More importantly, it is time to mobilise and confront this menace frontally. Surely, the country has not become so self-destructive that its elites would be eager to trade societal peace for their pet political and religious allegiances. After all, some cultural, political, religious and business elites formed a league with the forces of terror and darkness, and funded them to foist this crisis upon Nigeria. It is still not clear what they hoped to gain, or how to birth the utopia of their fantasies.
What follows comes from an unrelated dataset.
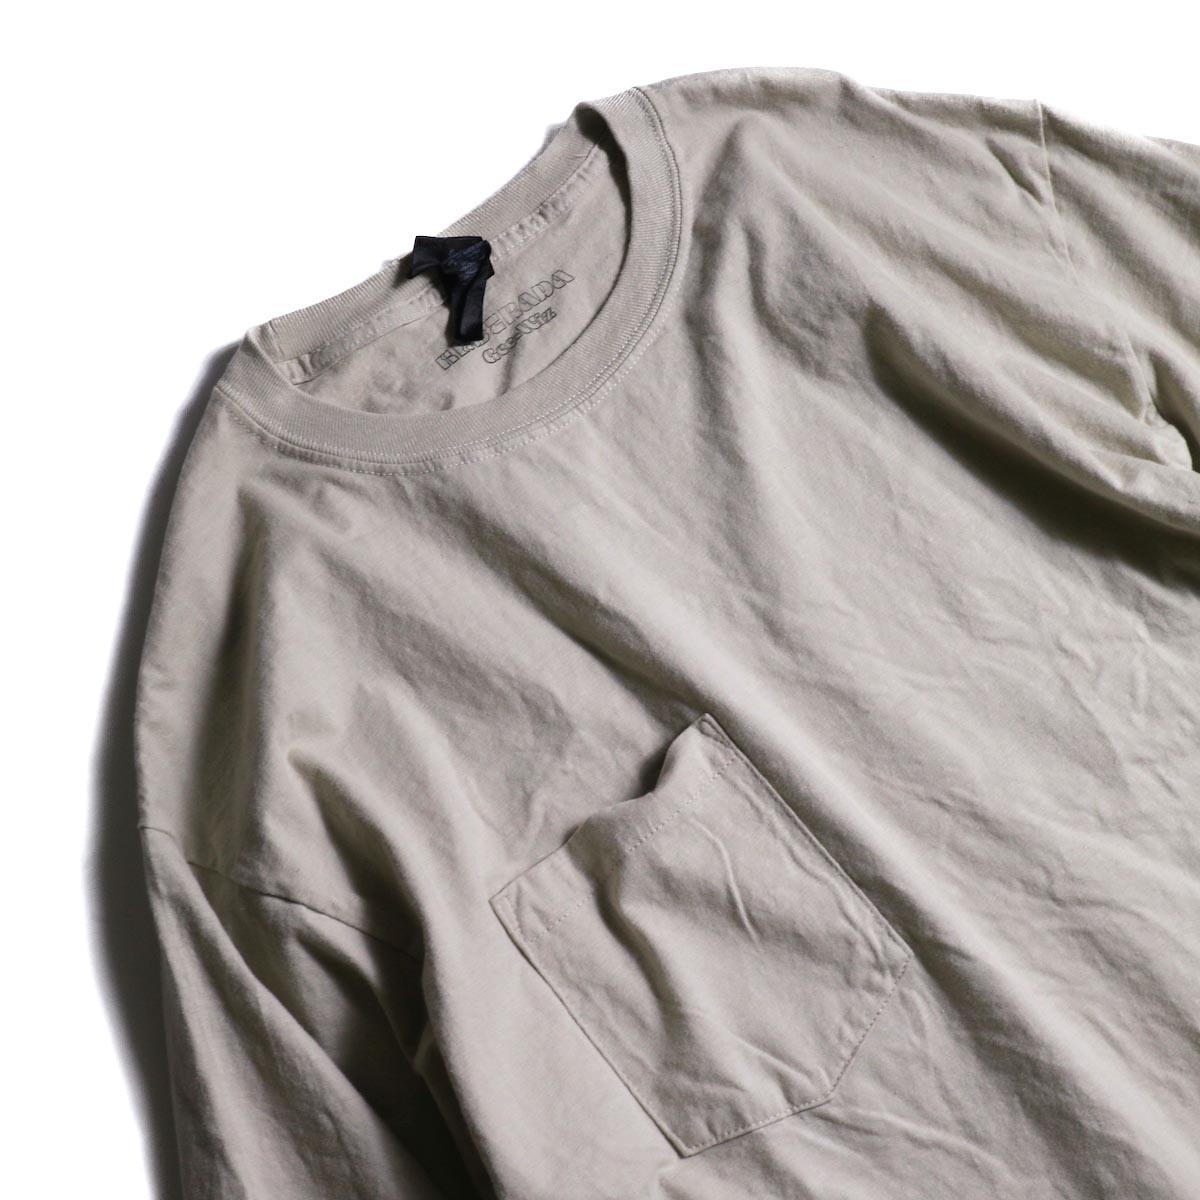 HESTRADA GEE-WIZ / SWITCH L/S Tee (Sand)襟、ポケット

For now, the Tinubu administration is caught between a rock and a hard place. The administration fears the public relations damage risking the deaths of some of the abducted children in a rescue attempt could entail. Yet, they cannot afford, under any circumstance, to release the hardened terrorist leaders demanded for the swap, either in Katsina or in Borno or in Oyo. It is, therefore, hard to see why under this atmosphere anyone should consider street protests as the best way to pressure a resolution of the abduction crisis. While intelligence could have prevented the abductions in question, and it is indispensable going forward, it is nevertheless hard to see that tool being applied successfully to preempt future attacks on all possible soft targets. A war of attrition has thus just begun.
The government must, therefore, not be tired of degrading the terrorists until such a time when the outcome is no longer the stalemate politicians, hate speech merchants, and businessmen profit from. For many decades the country had spawned a nest of adders; it is time to find the means and courage to defang and cage the reptiles. But that will neither be easy nor quick, for the soft targets open to the terrorists are ubiquitous, the terrain where they bivouac prohibitive, and the resources as well as the expertise to deal with them frustratingly limited.